Disney animators showed that they’d found the secret to giving princess tales a demographics-defying appeal with the Rapunzel update “Tangled” a few years ago. They prove it wasn’t a fluke with the 3-D animated “Frozen,” their similarly conceived loose riff on Hans Christian Andersen’s fairy tale “The Snow Queen.” Remember the movie’s wordless, “Ice Age”-y early teaser of a snowman and a reindeer dueling over a carrot? You might well be surprised to find that it’s so tangential to the girl-powered main action, it’s not even part of it. And you’ll be amazed at how little it matters, blissfully entertained as you’ll be by what the film is actually selling.
Kristen Bell injects a whole lot of peppy personality into the story (and her singing) as Anna, a princess in a Scandinavian-ish kingdom gripped by one doozy of a cold snap. An opening prologue shows us how tiny Anna used to delight in the magical frost powers of her older sister, Elsa (Idina Menzel, the Broadway powerhouse also known for appearances on “Glee”), until a near-fatal playtime mishap. The episode left Anna with no memory of her sister’s secret, and left Elsa sorrowfully determined to keep it that way by shutting her out, along with the rest of the world.
Then the world comes knocking because it’s time for Elsa to be coronated as queen. Revelry leads to love-at-first-sight romance for Anna and dashing Prince Hans (Santino Fontana), who ask for Elsa’s blessing of their insta-marriage. Cue sisterly quarreling about impulsiveness and emotional unavailability, including a spat that pushes Elsa to unleash her abilities with fear-inspiring fury straight out of an “X-Men” comic. The entire kingdom is plunged into eternal winter, Elsa flees to an ice castle she creates high in the mountains, and Anna bravely sets off to find her and work it all out.

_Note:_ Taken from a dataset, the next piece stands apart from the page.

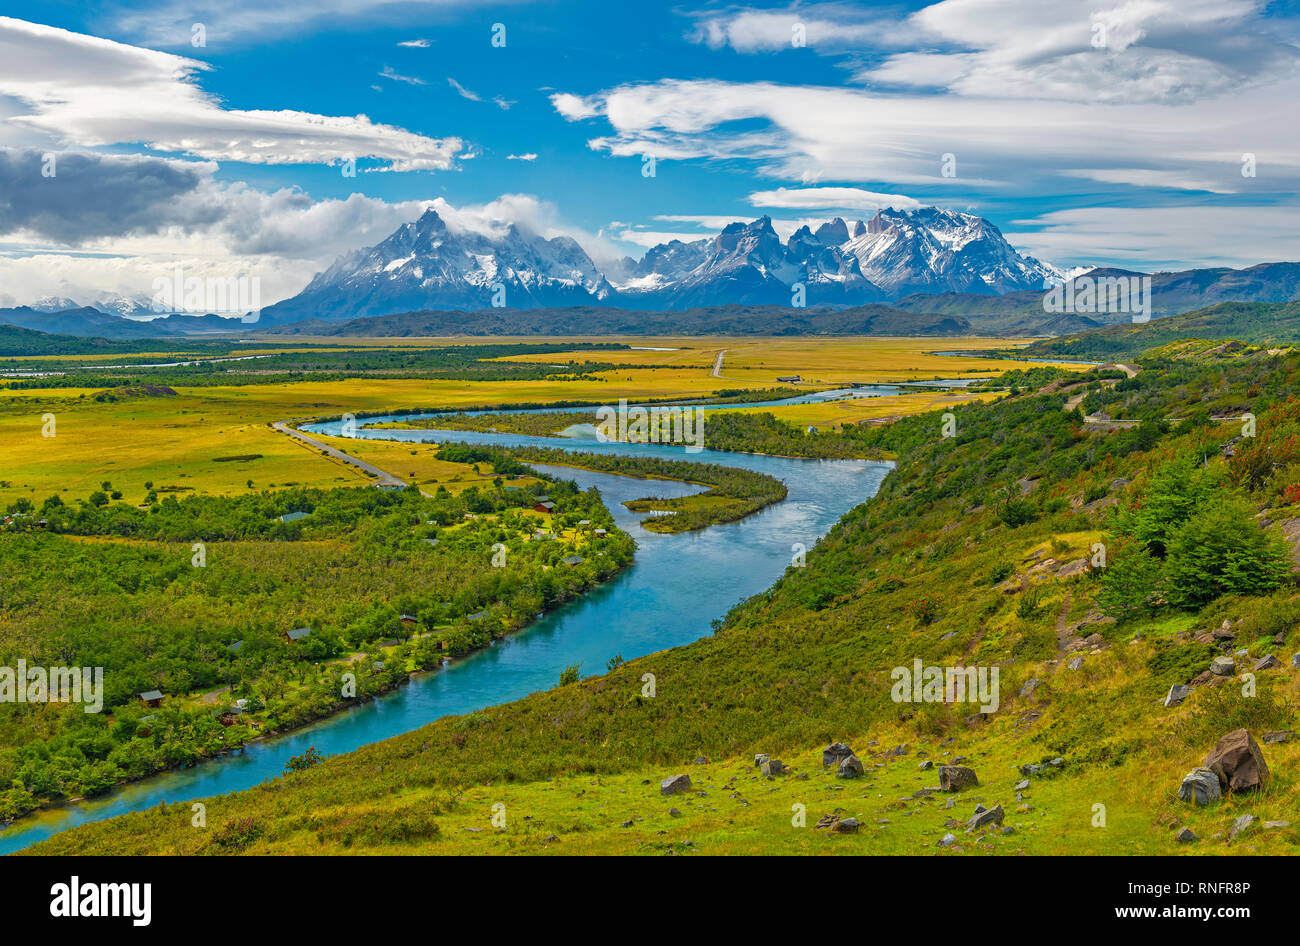 The majestic peaks of the Cuernos and Torres del Paine in summer, the turquoise Serrano river, Torres del Paine national park, Puerto Natales, Chile. Stock Photo

It’s at this point that writer-directors Chris Buck (“Surf’s Up”) and Jennifer Lee (“Wreck-It Ralph”) finally deliver something a bit closer to that initial promo, as Anna teams up with Kristoff (Jonathan Groff, “Glee”), a rough-but-hunky outdoorsman who’s got his own meet-cute dynamic with her. (The reindeer, Sven, is Kristoff’s; he’s the howling Chewie to Kristoff’s Han.) They also get some help from that snowman, Olaf (Josh Gad, TV’s “1600 Penn”), an irrepressibly cheery innocent who hilariously dreams of how wonderful warm weather must be. Frosty looks like Savvy by comparison.
The humor and imagery make it tough to gauge whether the film’s songwriting, by Kristen Anderson-Lopez (2011’s “Winnie the Pooh”) and Tony-winner husband Robert Lopez (“The Book of Mormon”), will produce anything as memorable as “Tangled” did with “I’ve Got a Dream.” Gad’s ditty “In Summer” is all about the gags we’re seeing. Menzel has a soaring number, “Let It Go,” set to shots of her unfettered character conjuring her mountain retreat – a spectacular 3-D swirl of ice shards and intricate snowflakes that partly trumps the music. (This is also one of the carefully doled-out moments when the movie’s icy aesthetic sparkles; more often, the palette is an enveloping wintry gray.)
“Frozen” could also leave its mark as the next step in the Disney Princess feminist revisionism championed by last year’s “Brave.” Where that film staunchly pushed a men-don’t-define-me theme throughout, here it’s the requisite fairy tale ending that gets tweaked.
Closing note: Theatergoers should allow enough time to get the kids settled before the rewarding opening short. It’s an old-time Mickey Mouse romp in black and white – and one that reasserts the relevance of vintage animated comedy in surprising ways.